Liara collapsed forward, her hands finding Shepard's face, checking her airway, her pulse, the rise and fall of her chest. Still there. Still fighting.
"We need to get her out of here," Garrus said, already scanning the wreckage around them. "The emergency barriers won't hold much longer. If we lose atmosphere—"
"I know." Liara's hands were already working, finding the seals on Shepard's armor, checking for additional injuries she couldn't see. "Help me get her clear. Carefully. I don't know what's broken."
Garrus moved to Shepard's feet, lifting her legs with a gentleness that belied his size. Liara slid her arms beneath Shepard's shoulders, cradling her head against her chest, and together they lifted her free of the debris that had held her captive.

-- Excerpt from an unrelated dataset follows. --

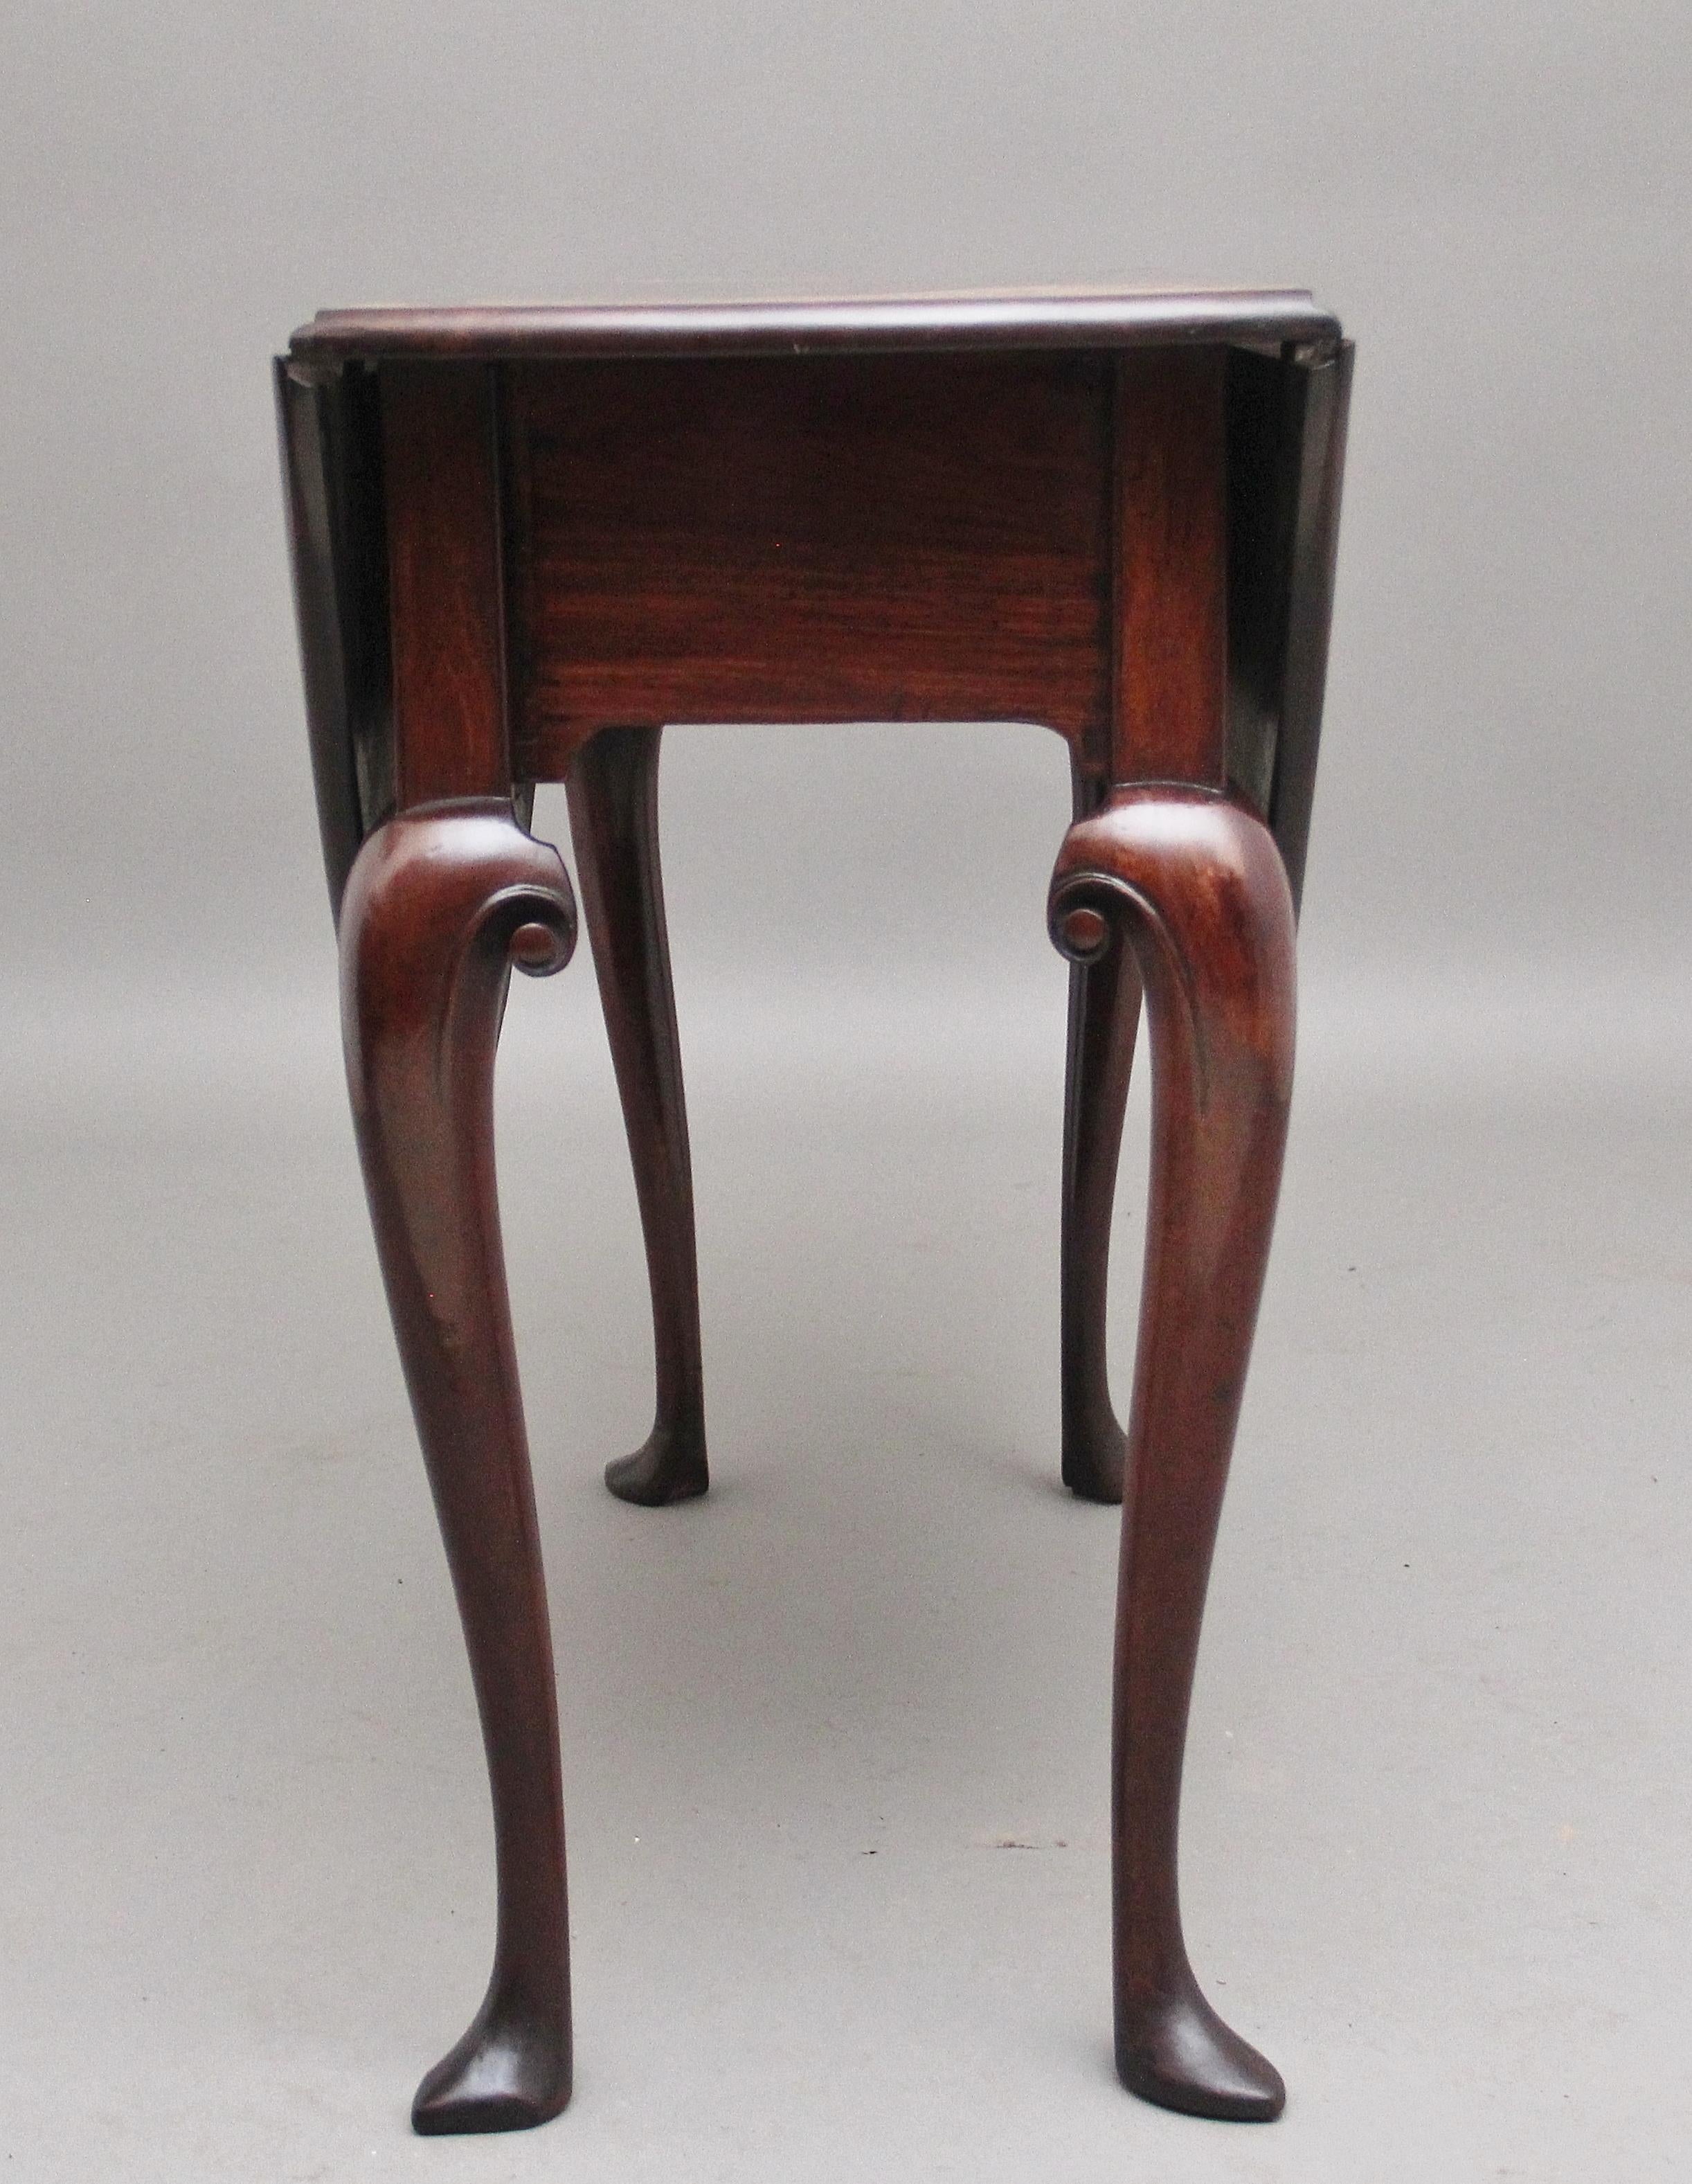 British 18th Century Mahogany Drop Leaf Table from the Georgian Period

Shepard was light. Too light. The armor was heavier than she was, and Liara could feel the fragility of the body beneath it—the wasted muscle, the sunken hollows of a woman who had given everything she had and then some.
But she was breathing.
And as Liara carried her through the wreckage of the Citadel, past the bodies of the fallen and the shattered dreams of a galaxy trying to rebuild, she felt Shepard's hand twitch against her chest. A small movement. Unconscious. Involuntary.
But it was there.
Liara pressed her lips to Shepard's hair, tasting blood and ash and the faint, familiar scent of her—the one that had survived even the destruction of a station, even the weight of a war, even the threshold of death itself.
"I've got you," she whispered. "I've got you. And I'm not letting go."
The emergency barriers hummed their failing song. The stars watched through the shattered dome. And somewhere in the distance, a ship was waiting—the Normandy, its engines warm, its crew holding their breath—ready to carry them home.